SECTION 4 — MODEL SELECTION & EVALUATION

Model Selection and Evaluation

To compare the three logistic regression models, I evaluated each one on the training dataset using multiple performance metrics: accuracy, error rate, precision, sensitivity (recall), specificity, F1 score, AUC, and confusion matrices. These metrics provide a comprehensive view of both overall predictive ability and the model’s ability to correctly identify high-crime neighborhoods (the positive class).

Model 1 (Baseline) provides a simple benchmark using only the original predictors. While this model captures broad relationships, its predictive performance is comparatively limited. Its accuracy and AUC are acceptable but consistently lower than the engineered and stepwise models.

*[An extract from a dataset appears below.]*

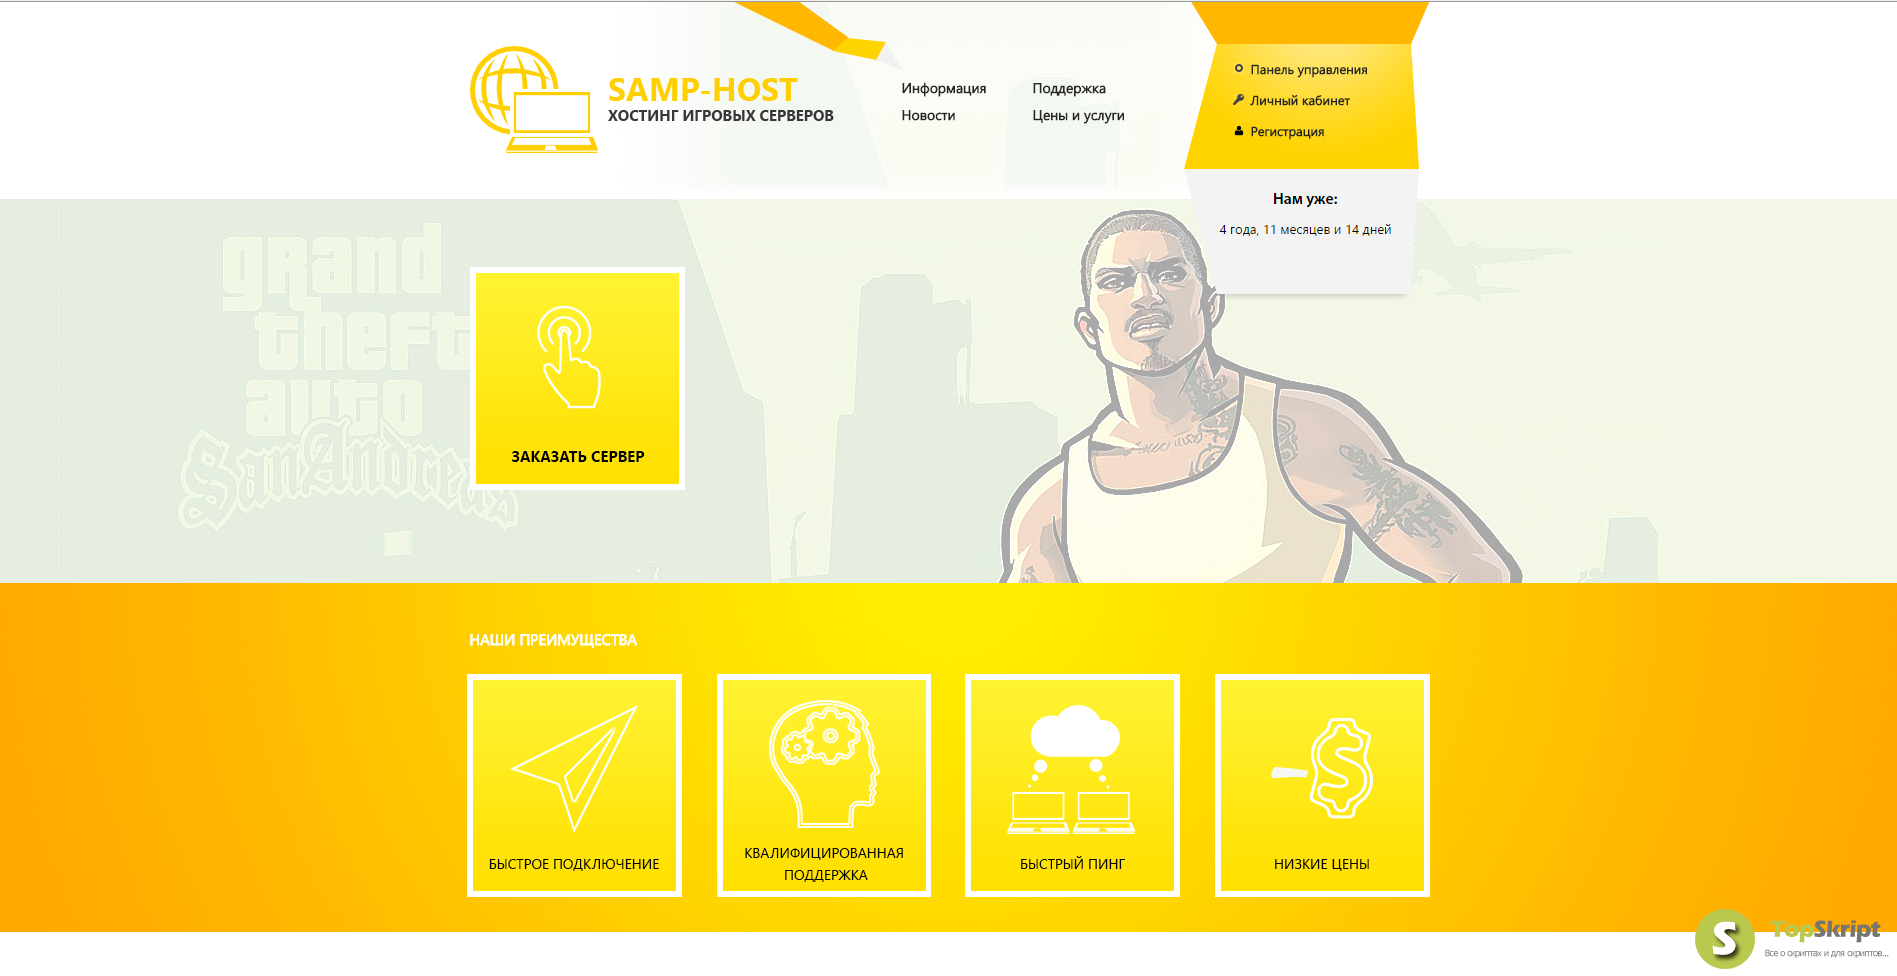 Шаблон сайта SAMP. Html шаблоны SAMP. Шаблон для сервера SAMP. Шаблон для сайта крмп. Hosting samp host

Model 2 (Stepwise) improves performance by selecting a subset of both original and transformed variables using AIC. This model is more parsimonious and eliminates unnecessary predictors, resulting in stronger performance across several metrics. However, because stepwise selection is driven purely by statistical criteria, it may exclude meaningful variables or include counterintuitive ones.

Model 3 (Engineered) exhibits the strongest theoretical grounding, incorporating transformed features such as log_lstat, rm², and interaction terms. This model achieved the best balance of interpretability and predictive strength. It showed superior AUC and F1 performance, indicating that it captures nonlinear and interactive effects that better explain neighborhood crime dynamics.

As an example of the evaluation metrics, the confusion matrix output for one of the models (using the caret package) was:

Confusion Matrix and Statistics

      Reference

Prediction 0 1 0 119 30 1 5 27

           Accuracy : 0.8066
           Kappa    : 0.4916
           Precision: 0.84375
           Sensitivity (Recall): 0.4737
           Specificity: 0.9597
           F1 Score: 0.6067
           AUC: (computed separately)

This illustrates how accuracy must be interpreted alongside precision, recall, and AUC to fully understand model behavior, especially with imbalanced classes.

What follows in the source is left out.